Once you’ve selected your WLCs, and the order of the AP Upgrade Groups, you will need to configure the file transfer for the Primary WLC Upgrade. Unfortunately, this does not employ the Image Repository within Prime Infrastructure, so you must manually select the server (which can be Prime), transfer type, and the filename.

I ran into a UI bug at this point, that will likely impact you, as well. The text field for the filename box is not large enough to contain the filename for pretty much any version of WLC code. You will notice this if you pay careful attention to the filename, after you paste it into the box. In my case, it stripped the extension off of the file:

As a result, you will need to rename the file to something shorter than the default name. (Pay no attention to the fact that the failed file name was for a 2504, and the new filename is for a 3504. This is because I took screen shots during different attempts at this process.)

You can see the shorter filename above, which also includes the file extension. If you don’t rename the file, you will get a very non-intuitive error in the job dashboard, which I will be shown in a later step.

Click Submit, and your job will begin.

Step 6 – Monitor the Job in the Job Dashboard

Now that your job has been submitted, you should monitor its progress. To do this, you need to visit the Job Dashboard, by clicking the top-left menu, then Administration > Job Dashboard

In the Job Dashboard, you should see your newly created job. Initially, it will say “Scheduled,” but will soon transition to a “Running” state.

Click on the job name to see the detailed status. Here I will first show you what it looks like when the job fails, due to the filename bug I wrote about in Step 5:

Notice that the job has failed while downloading the image to the WLC. Unfortunately, there is no further detail on the failure, and it can be quite confusing as to the cause, if you didn’t realize the text box stripped the end of the filename. If you check the Message Log on the WLC, you may see the following error (which is also very unintuitive):

TransferTask: Dec 15 18:57:16.854: %INIT-3-ER_IMAGE_VERSION: bootos.c:943 Upgraded ER image required to show version. For information regarding Emergency image Version,Please refer Controller documents.
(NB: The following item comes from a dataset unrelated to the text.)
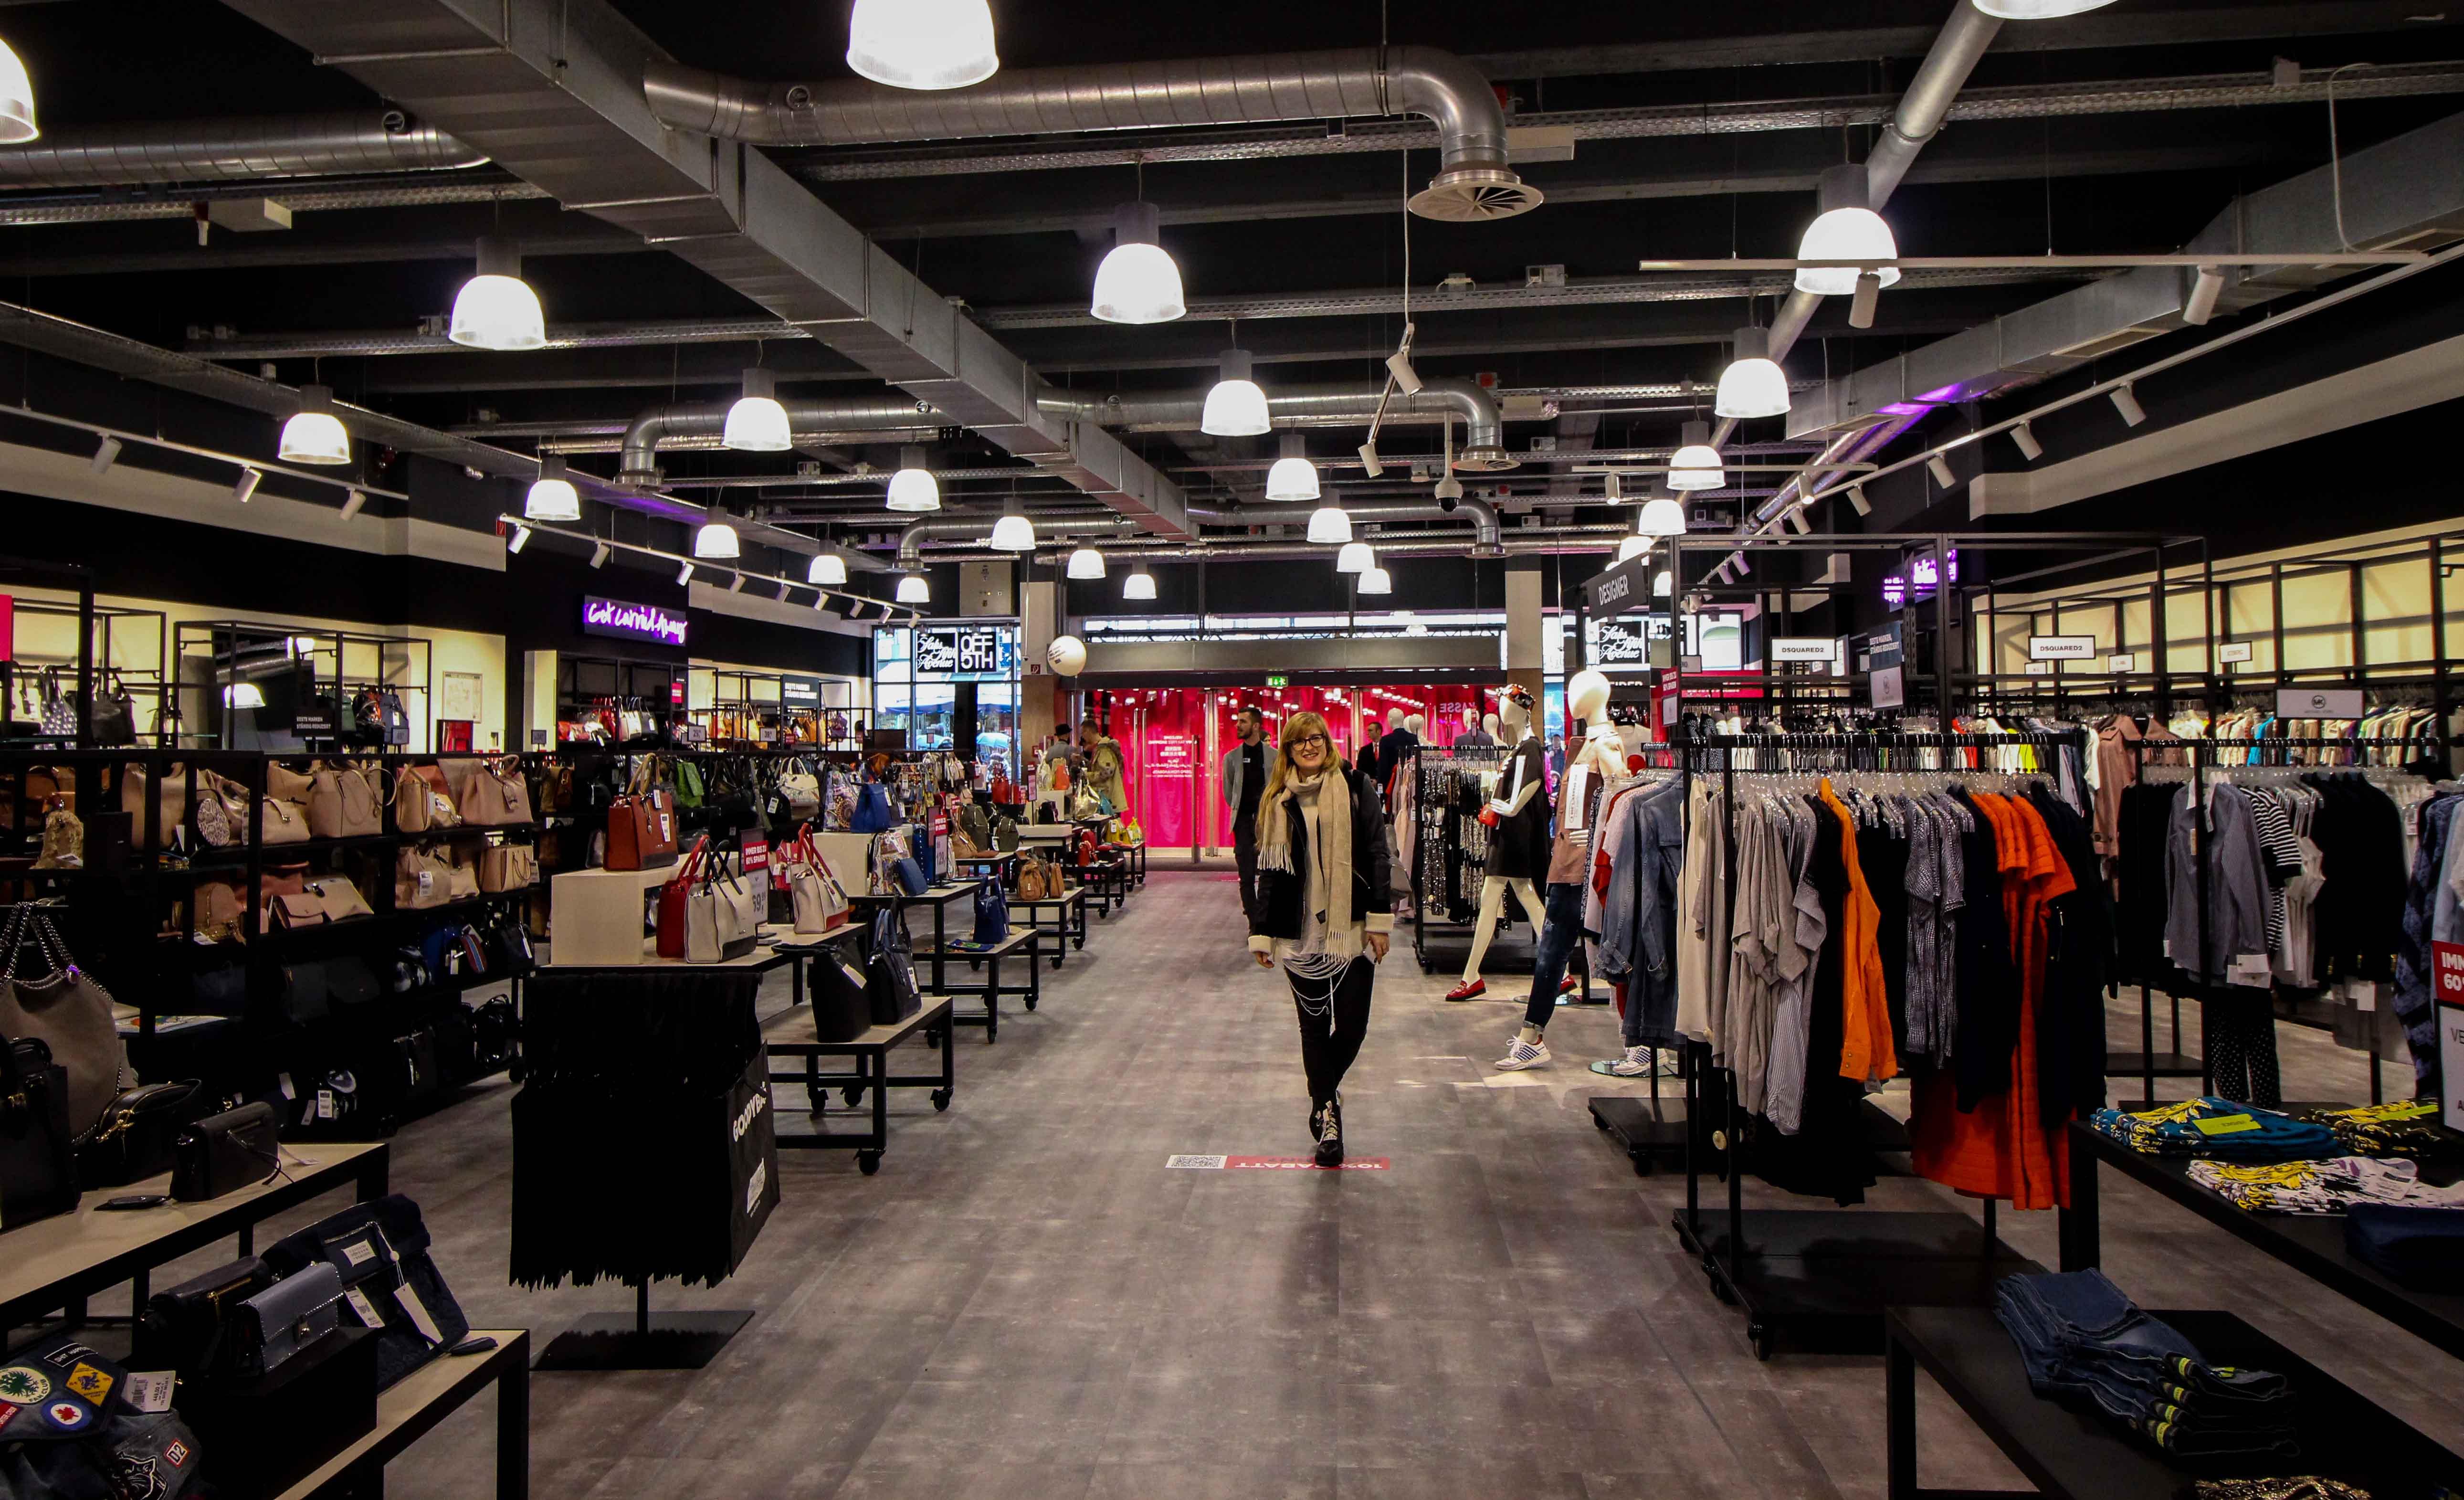 Store Opening Saks OFF 5th Avenue Bonn Premium-Marken Outletpreis Designer Outlet Bonn Modeblog Einrichtung

Assuming your filename was short enough to fit in the text box, you should see something similar in the Job Details:

The status will remain at this point, until the file has been successfully transferred to the Primary WLC. Depending on the WLC, and the connection to the WLC, this may take up to 10 minutes. Once complete, it will move on to the next phase.

Step 7 – Prime Pre-Downloads Code to the APs in all AP Upgrade Groups

Be sure to check the status of each AP Upgrade Group, by clicking on the tabs

Here you can see that one of the AP Pre-Downloads has already completed.

Note: The counters for each category only pertain to the AP Upgrade Group Tab that you are currently viewing.

Eventually, the Pre-Download will complete for all of the AP Upgrade Groups. It’s interesting to see how much faster the CiscoOS (802.11ac Wave 2) APs transfer code, vs. the earlier AireOS APs.

Step 8 – Prime Moves the First AP Upgrade Group to the N+1 WLC

Once all APs have successfully Pre-Downloaded their code, Prime will configure the APs in the first AP Upgrade Group to move to the N+1 WLC, and reboot (joining with their new code version). If you’ve ever Pre-Downloaded code to APs before, you are aware of the multi-step process of downloading the code, interchanging the images, and rebooting the APs. Prime takes care of all of that for you, in this process.

If you click on the tab for the next AP Upgrade Group, you will notice that they are sitting and waiting for their turn:

Eventually, all of the APs in the first AP Upgrade Group will join the N+1 WLC.

Step 9 – Prime Moves the Next AP Upgrade Group to the N+1 WLC

Once Prime has verified that all of the APs in the first AP Upgrade Group have successfully joined the N+1 WLC (this is why the AP Register SNMP traps are so important), it will move on to the second group. You can see the status of those APs, by clicking on the tab for that AP Upgrade Group

Note: One of my APs failed to receive the configuration to move to the N+1 WLC, because it is a Mesh AP (in MAP mode), and got kicked off the network when its RAP was moved to the N+1 WLC. I staged it this way intentionally, because I wanted to see what the failure scenario looked like. This is a great example of the importance of putting thought into which APs you include in each AP group. In this case, I simply manually changed the Primary WLC in the configuration of this AP, once it came back online.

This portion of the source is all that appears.